As a child, I was taught to be proud of the revolutionary part of my Irish past. The very real history of massacre and dispossession was stressed.

But the imperial connections of so many Irish families were rarely if ever mentioned. Many thousands had ancestors who enforced the imperial writ as soldiers or civil servants across the world. Empire gave Irish Catholics opportunities they were denied at home in Ireland, where sectarian pressure often meant the most senior jobs were reserved for Protestants.

It was an Irish Catholic governor, Sir Michael O'Dwyer, who imposed martial law in Punjab, and supported the actions of his subordinate Col Reginald Dyer after hundreds of Sikh civilians were massacred at Amritsar in 1919.

Such deep imperial connections ran contrary to the pure nationalist narrative that prevailed in my childhood.

By the time I was old enough to appreciate my physical surroundings, almost all of the imperial monuments had disappeared in Dublin.
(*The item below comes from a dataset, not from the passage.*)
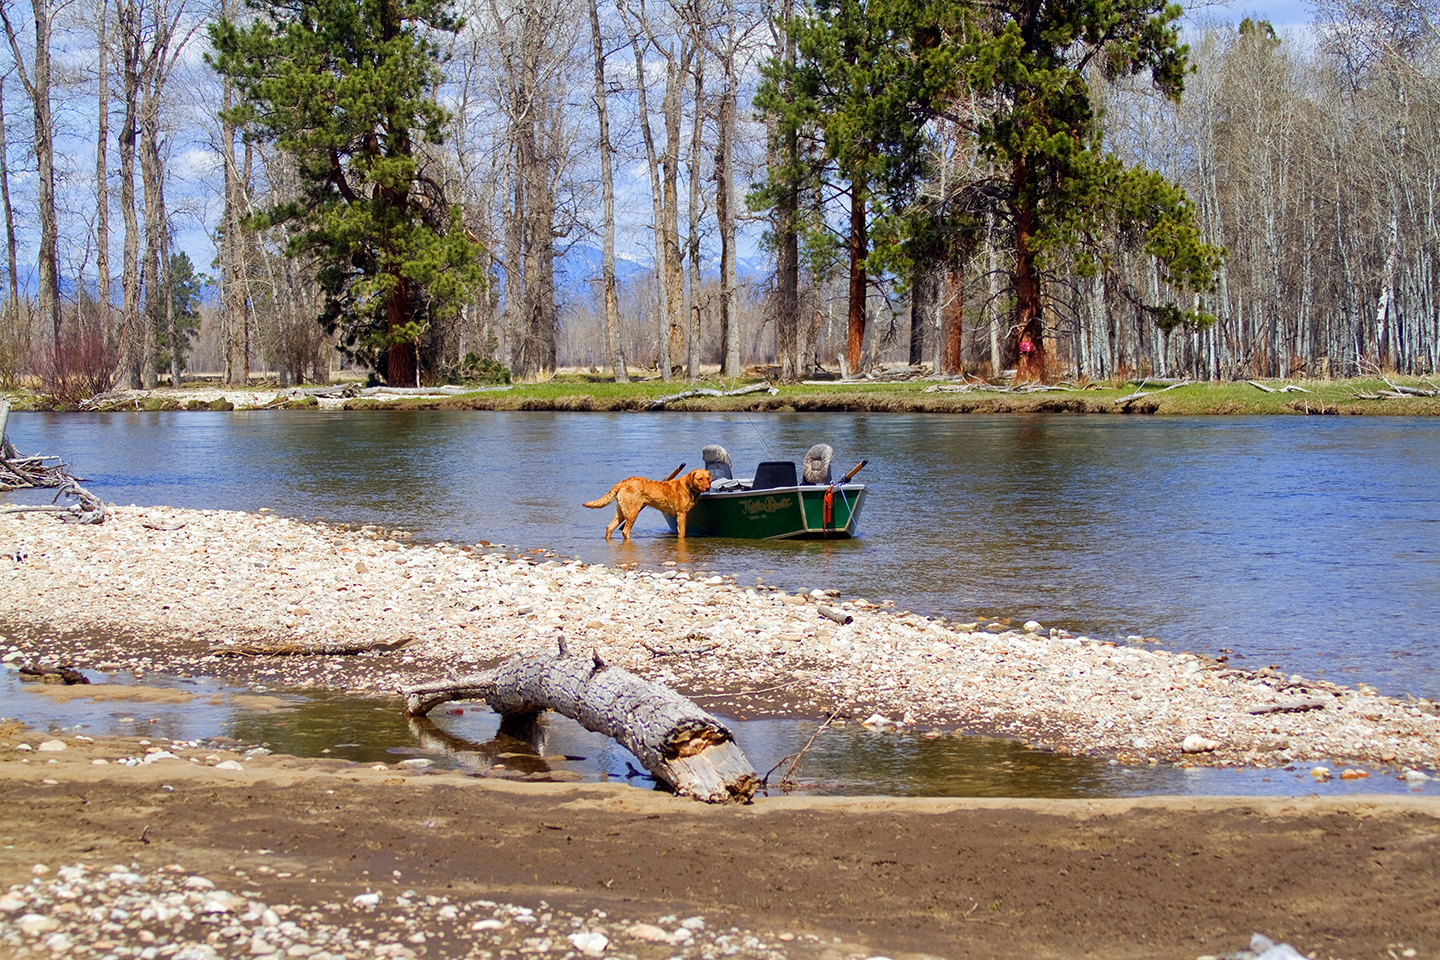 Middle Bitterroot River - Wapiti Waters' photo by Merle Ann Loman
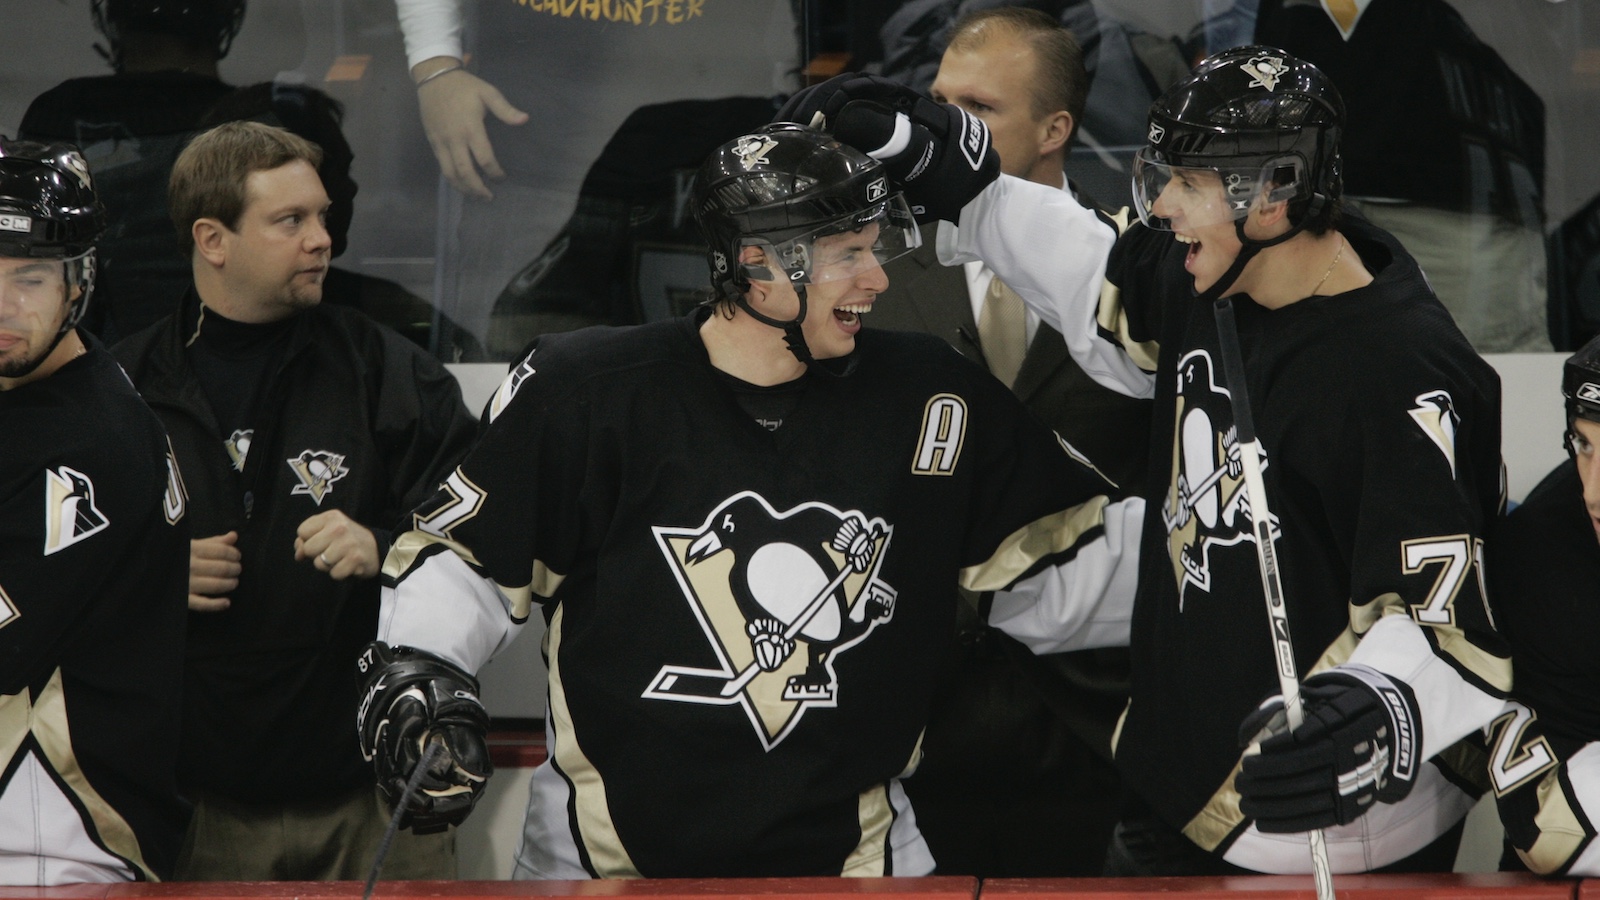 Penguins alternate jerseys: Judging the looks of the Crosby-Malkin

The most prominent was Nelson's Pillar - blown up by the IRA in 1966, when I was just five years old.

Image source, Getty Images
Image caption,

A 19th Century photograph taken in Dublin, with Nelson's Pillar in the background

These days there is more room for the nuances of history in the Republic. The embrace of the European project has helped Ireland become psychologically independent. The end of the violence in the north of Ireland has made it easier to examine the past in all of its complexity. History is much less of a weapon these days.

When Sinn Fein made dramatic electoral gains at the last election in the south, it was down to economic and social problems, not any resurgent animosity towards Britain.

Yet history can sometimes ambush the present. When the UK Home Secretary Priti Patel suggested that the prospect of food shortages could be "pressed home" to pressure Dublin in Brexit negotiations, the horrors of the 19th Century Great Famine were recalled. A former Irish ambassador to London, Bobby McDonogh, said Ms Patel had displayed "a breathtaking ignorance of history".

Examining the imperial past demands humility and a willingness to face sometimes uncomfortable truths. Education is critical to this process.

I went back recently to my ancestral town of Listowel in north Kerry where my grandmother, Hanna, had been part of the deadly war against Britain a century ago.

Image source, Fergal Keane
Image caption,

My grandmother, Hanna Keane, gathered intelligence for the IRA

There are no statues there from the imperial era. But nor are there any to celebrate dead revolutionaries. Instead, writers and social reformers are commemorated in stone and bronze.

Sitting in front of Listowel Castle, where the English hanged the Irish garrison in 1600, I met a group of history students from Presentation Convent school. Nearly a century after the end of British rule, the past is still present in their lives: in the language that they speak, in the systems of law and government under which they live, and in the lingering divisions in the north of the island.

Yet this generation is avowedly outward-looking.

They have been taught history that embraces complexity, not a simple narrative of heroes and villains. There is a self-confidence that comes from growing up in a stable modernising democracy, no sense of being "less than" the big island next door.

As 18-year-old Mary-Kate Reidy put it to me: "I think we're certainly equal in this day and age. Like, we've definitely come on a lot - British and Irish relations… We are equal pegging now".

It is not a world my forebears - on either side of the imperial divide - could have imagined over a century ago.

But, leaving Listowel, I remembered James Joyce's line from Ulysses about history being "a nightmare from which I am trying to awake".

The past is no longer a gaping wound. It really is the past.